Hard GRE Math Arithmetic Problems with Solutions

Hard GRE Math Arithmetic Problems with Solutions

Yesterday I posted some really hard GRE Arithmetic problems, and today I would like to give you solutions to those problems. Please feel free to post your own solutions or attempted solutions in the comments below as well. If you still want further explanation after reading the below solutions please do not hesitate to ask.

Level 5 GRE Arithmetic Problems with Solutions

If n is a positive integer such that the units (ones) digit of n²+ 4n is 7 and the units digit of n is not 7, what is the units digit of n + 3?

Solution: By plugging in values for n, we find that for n = 9,

n² + 4n = 92 + 4 ⋅ 9 = 81 + 36 = 117.

So n = 9 works, and n + 3 = 9 + 3 = 12. So the units digit of n + 3 is 2.

Advanced solution showing the independence of n:

n² + 4n = n(n + 4).

So we are looking at positive integers 4 units apart whose product ends in 7. Since 7 is odd, n must be odd. So n must end in 1, 3, 5, or 9. Note that we skip n = 7 since the problem forbids us from using it.

If n ends in 1, then n + 4 ends in 5, and n(n + 4) ends in 5.
If n ends in 3, then n + 4 ends in 7, and n(n + 4) ends in 1.
If n ends in 5, then n + 4 ends in 9, and n(n + 4) ends in 5.
If n ends in 9, then n + 4 ends in 13, and n(n + 4) ends in 7.

So n ends in a 9, and n + 3 ends in a 2.

The sum of the positive odd integers less than 200 is subtracted from the sum of the positive even integers less than or equal to 200. What is the resulting difference?

We write out each sum formally, line them up, and subtract term by term.

2 + 4 + 6 + … + 200
1 + 3 + 5 + … + 199
1 + 1 + 1 + … + 1

Now notice that we’re adding 1 to itself 100 times. So the answer is 100.

Note: It is easiest to see that we are adding 100 ones by looking at the sum of the positive even integers less than or equal to 200. There are 200/2 = 100 terms in this sum.

Quick solution: Once you get a little practice with this type of problem you can simply compute 100•1 = 100.

Solution using the sum feature on your graphing calculator: (This solution cannot be used on the GRE, but it could for other standardized tests where a graphing calculator is allowed) Press the 2nd button followed by the List button (same as Stat button).
Go to Math and select 5: sum( or press 5.
Press 2nd followed by List again.
Go to Ops and select 5: seq( or press 5.
Enter x, x, 1, 199, 2)).
The display should look like this: sum(seq(x, x, 1, 199, 2)).
Press Enter and you should get the answer 10,000.
Next enter sum(seq(x, x, 2, 200, 2)) and you should get the answer 10,100. Finally, 10,100 – 10,000 = 100.

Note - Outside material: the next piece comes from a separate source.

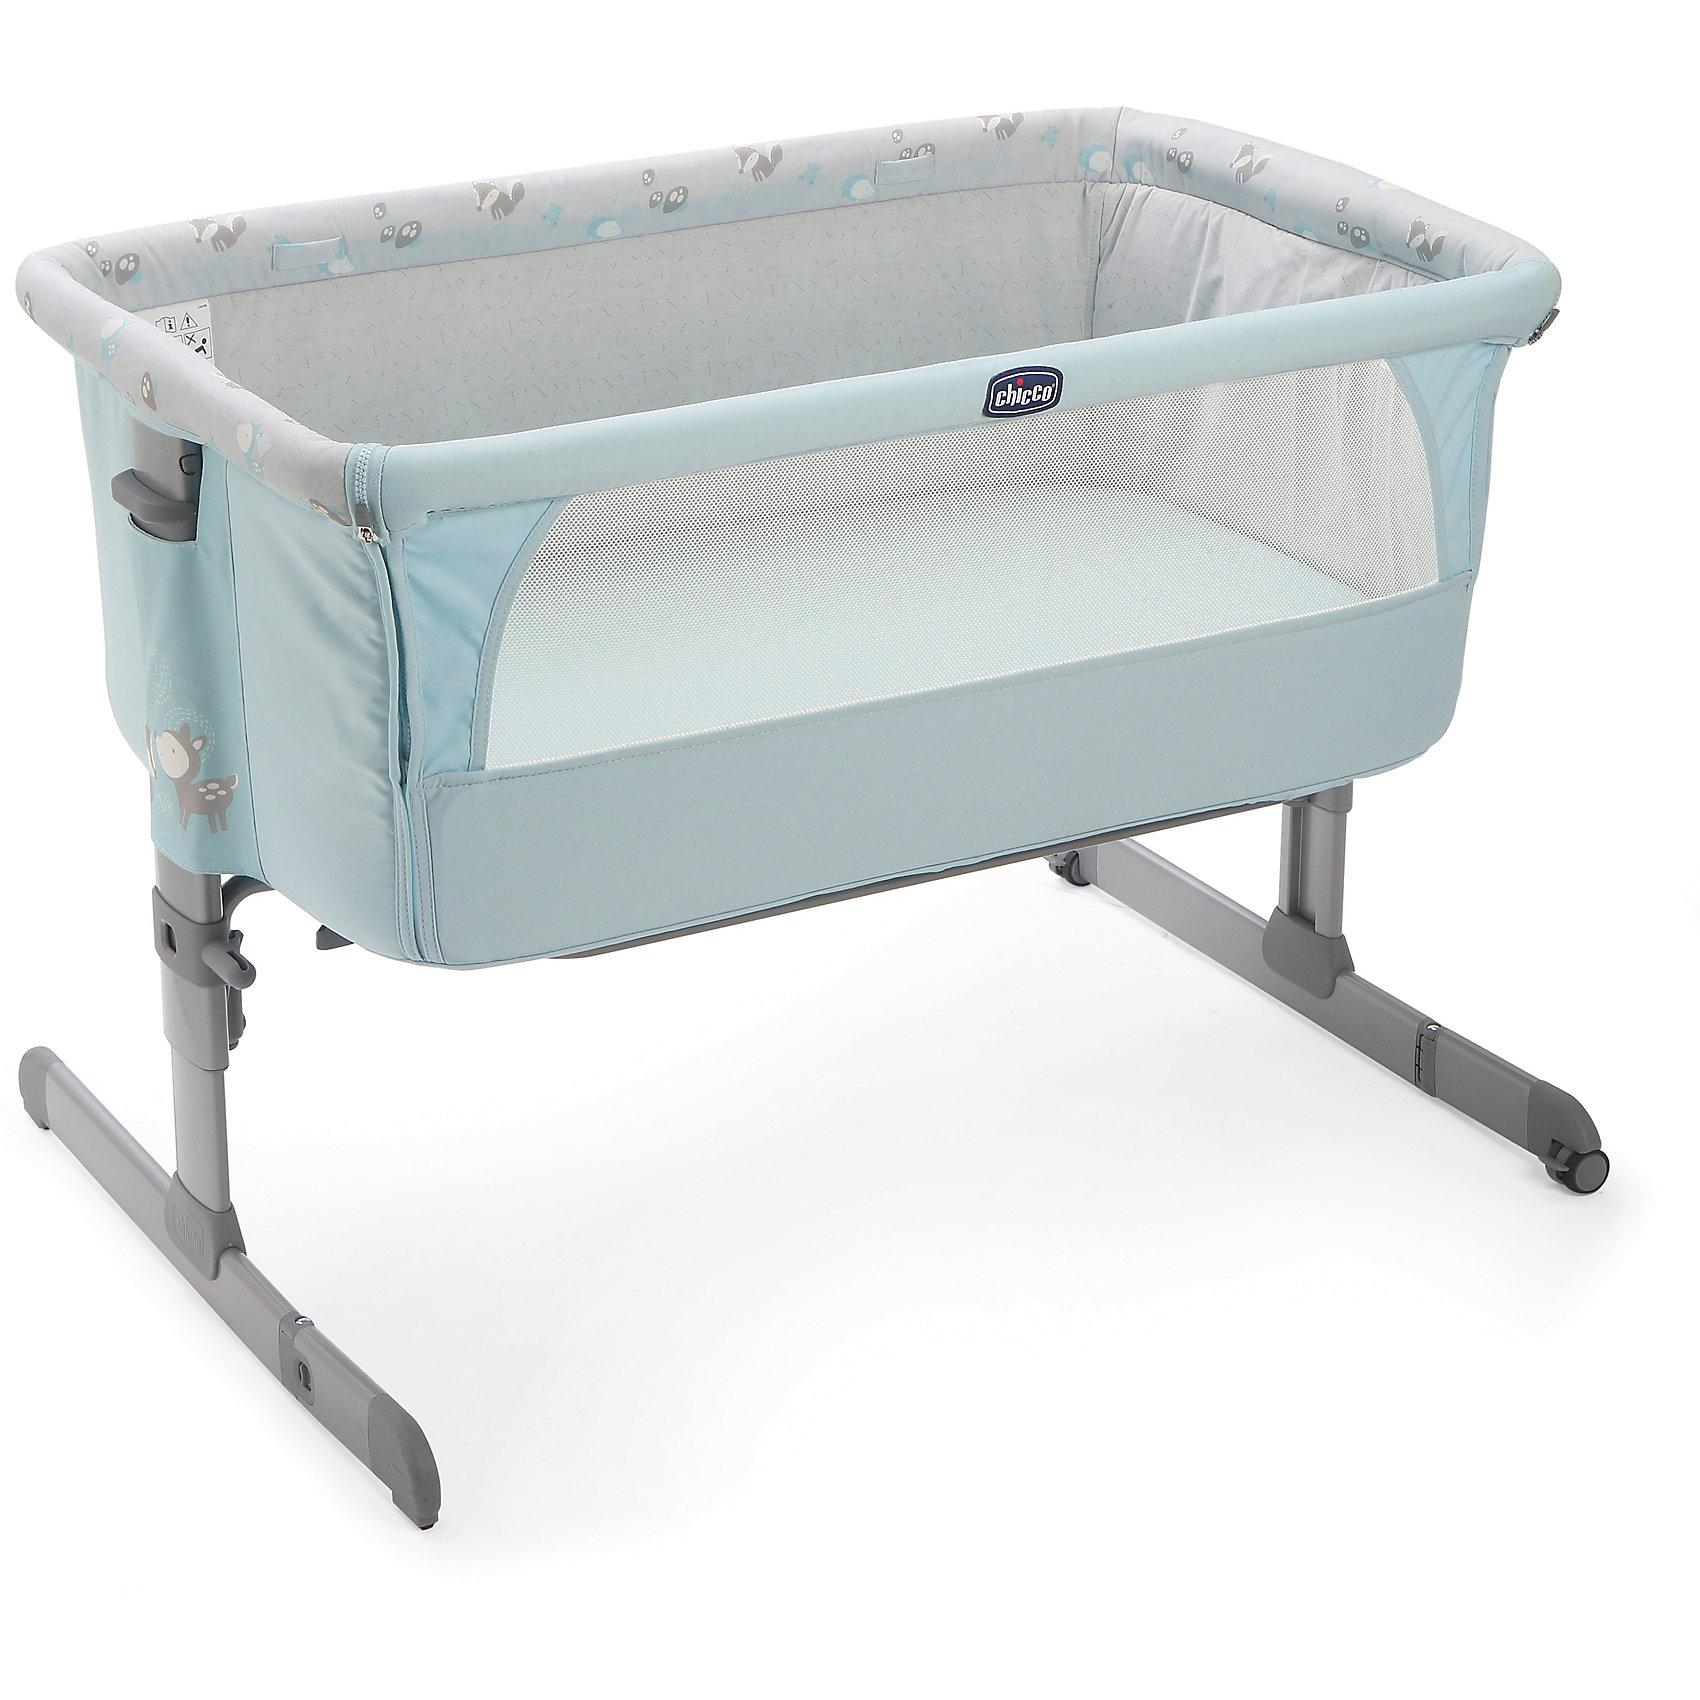 Кроватка Next2Me, Chicco, skyКолыбели, люльки<br>Характеристики кроватки Chicco Next2Me:<br><br>• безопасная система крепления к кровати родителей, надежные карабины;<br>• регулируется расстояние между детской кроваткой и кроватью родителей;<br>• расположения кроватки изменяется благодаря регулируемым по длине фиксаторам, <br>• боковая стенка откидывается, предоставляя доступ к ребенку;<br>• края стенки оснащены специальным креплением, которое обеспечивает надежное крепление к опорной стойке кроватки;<br>• регулируемая высота кроватки, 4 положения;<br>• регулируется угол наклона спального места, 180-160 градусов;<br>• кроватка оснащена двумя парами сдвоенных колесиков со стопорами;<br>• сетчатая вставка в боковой части коляски позволяет создать циркуляцию воздуха и создать оптимальные условия малышу;<br>• матрасик в комплекте;<br>• съемные чехлы кроватки, стирка при температуре 30 градусов;<br>• компактное складывание кроватки, хранение в сумке на молнии. <br><br>Размер кроватки: 93х69х66/81 см<br>Длина спального места: 93см<br>Ширина спального места: 69 см<br>Высота кроватки: 66-81 см<br>Допустимая нагрузка: до 9 кг<br>Размер упаковки: 95х60х15,5 см<br>Вес в упаковке: 9,9 кг<br><br>Кроватка Next2Me для новорожденного устанавливается вплотную к кровати родителей или отдельно. Стенка кроватки опускается, чтобы обеспечить мамочке постоянный доступ к ребенку, на расстоянии вытянутой руки. Детская кроватка надежно крепится к родительской кровати, таким образом, нет щели и сквозного пространства между двумя кроватями. Расположение днища кроватки можно изменить, подогнав высоту кроватки к высоте кровати родителей. Кроватка-люлька может использоваться отдельно и стоять поодаль или в соседней комнате, в детской спальне. В таком случае, бортик люльки поднимается, надежно фиксируется. Складывается кроватка компактно и не занимает много места, хранится в тканевом чехле на молнии. Чехол оснащен ручками для переноски.<br><br>Кроватку Next2Me, Chicco, Sky можно купить в нашем инт

Note: In the expression sum(seq(x, x, 2, 200, 2)) the last 2 indicates the step size. Here we are adding every other number.

The positive number k is the product of four different positive prime numbers. If the sum of these four prime numbers is a prime number greater than 20, what is the least possible value for k?

Solution: Let’s begin listing sequences of 4 prime numbers, and checking if their sum is also prime, beginning with the smallest primes.

2, 3, 5, 7 Sum = 17 too small
2, 3, 5, 11 Sum = 21 not prime
2, 3, 7, 11 Sum = 23 prime
2, 3, 5, 13 Sum = 23 prime

Now, (2)(3)(7)(11) = 462, and (2)(3)(5)(13) = 390. Since 390 is smaller, k = 390.